- TO DO
Below are lines of records; copy exactly those from the one containing "Woman sightseeing Tallinn" through the one containing "New york, USA", leaving the pictures behind.

───── PROVIDED RECORDS

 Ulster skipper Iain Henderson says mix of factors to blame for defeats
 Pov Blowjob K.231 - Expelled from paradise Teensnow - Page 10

──────────
───── PROVIDED RECORDS

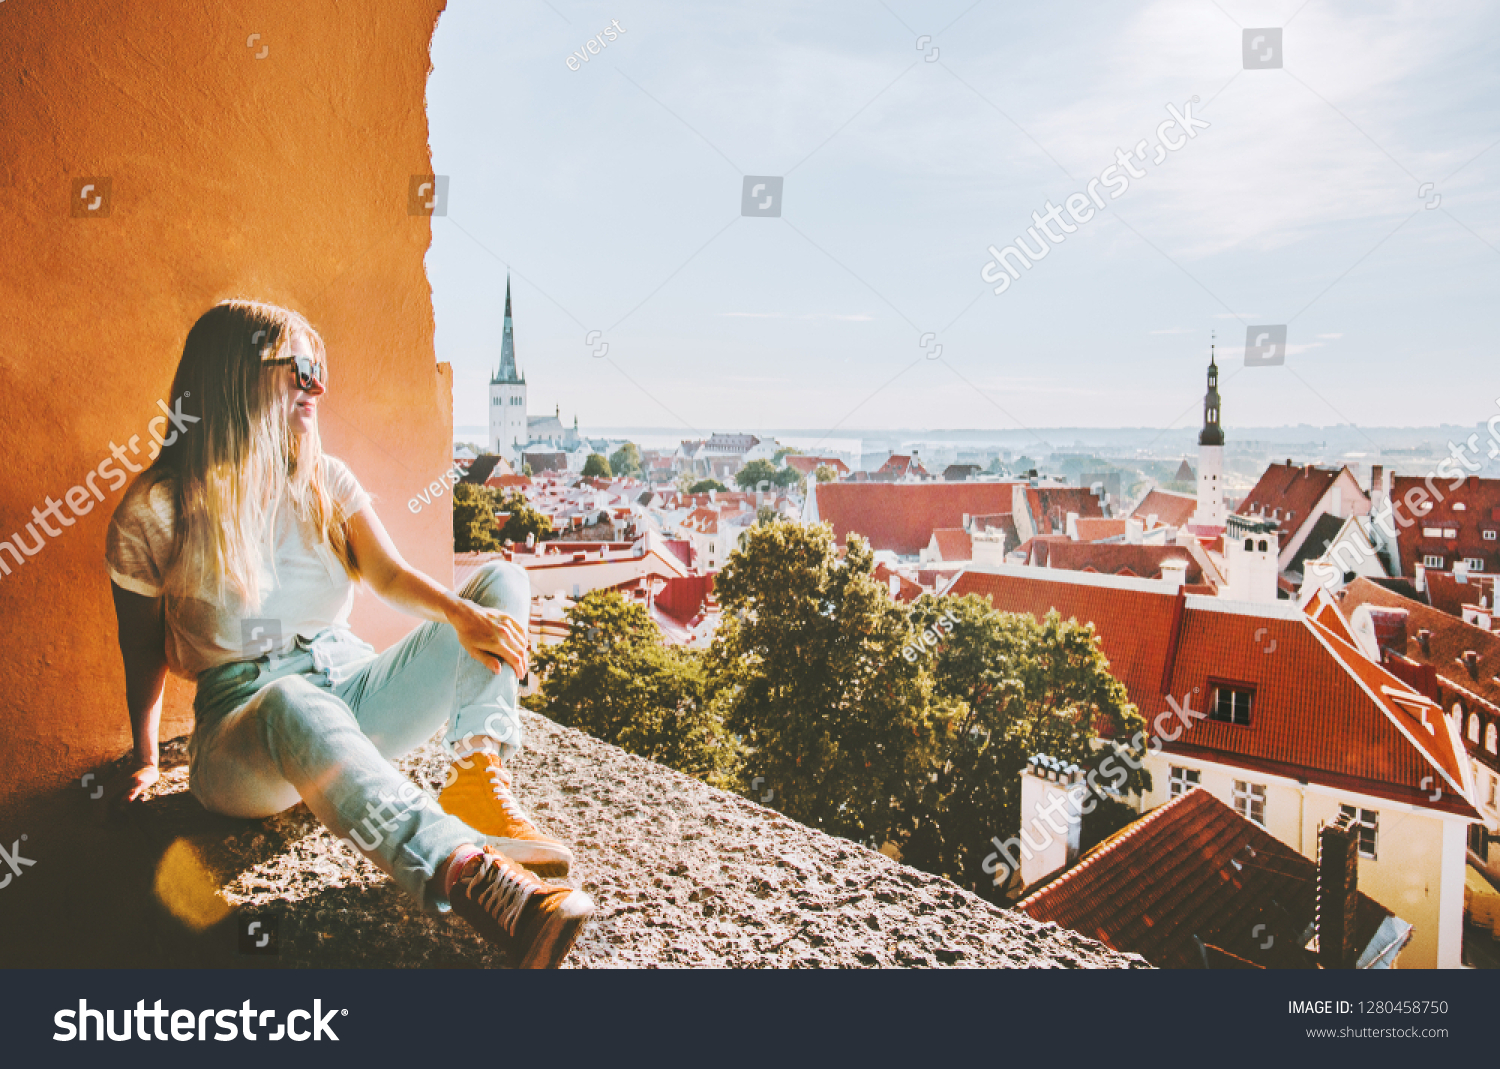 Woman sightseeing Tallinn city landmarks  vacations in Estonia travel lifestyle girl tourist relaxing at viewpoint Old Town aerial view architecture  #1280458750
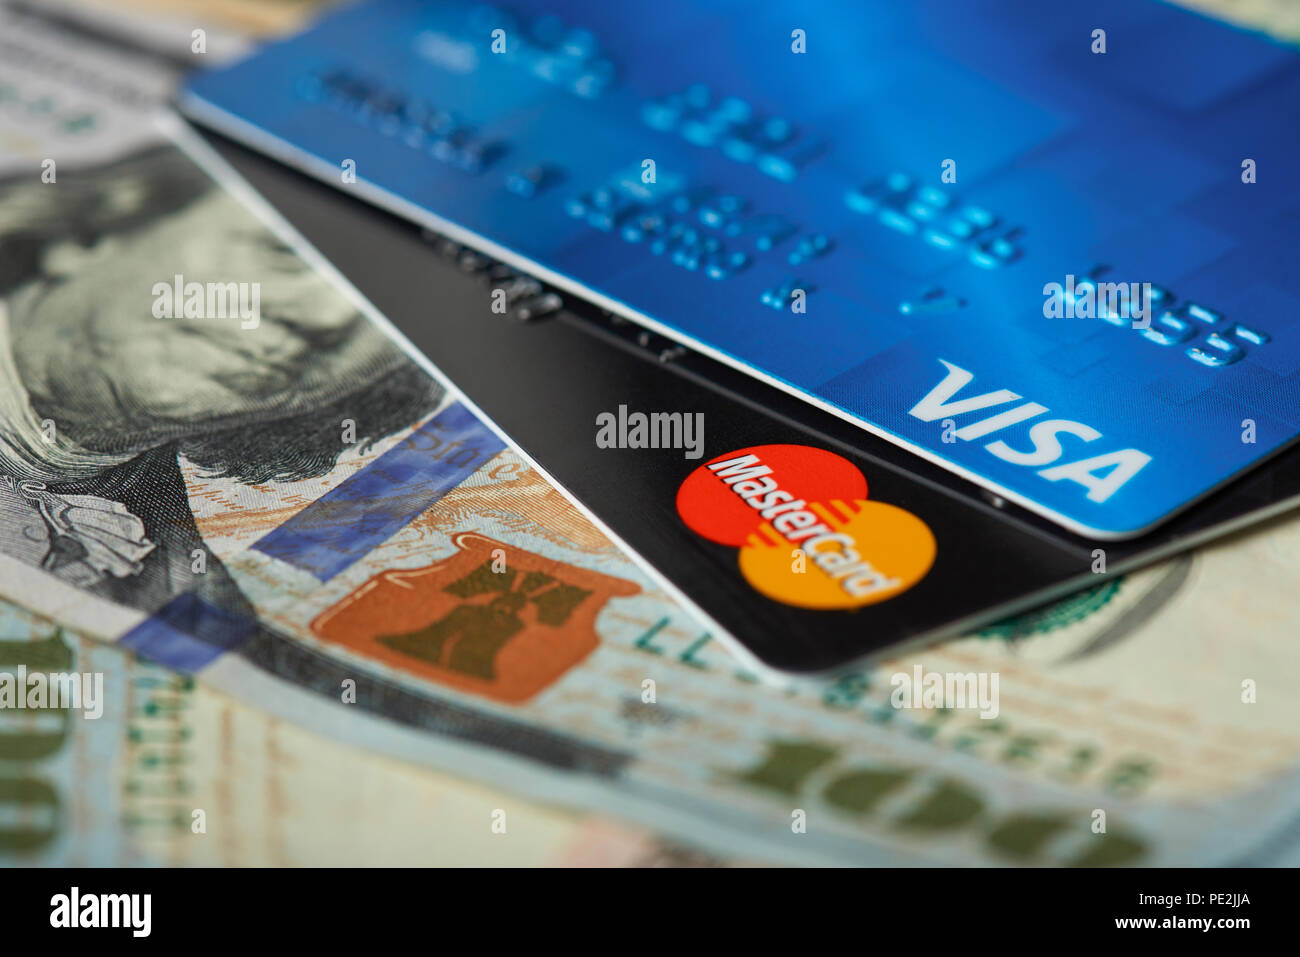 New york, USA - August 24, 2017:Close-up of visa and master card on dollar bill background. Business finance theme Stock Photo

──────────

- SOLUTION BELOW
 Woman sightseeing Tallinn city landmarks  vacations in Estonia travel lifestyle girl tourist relaxing at viewpoint Old Town aerial view architecture  #1280458750
 New york, USA - August 24, 2017:Close-up of visa and master card on dollar bill background. Business finance theme Stock Photo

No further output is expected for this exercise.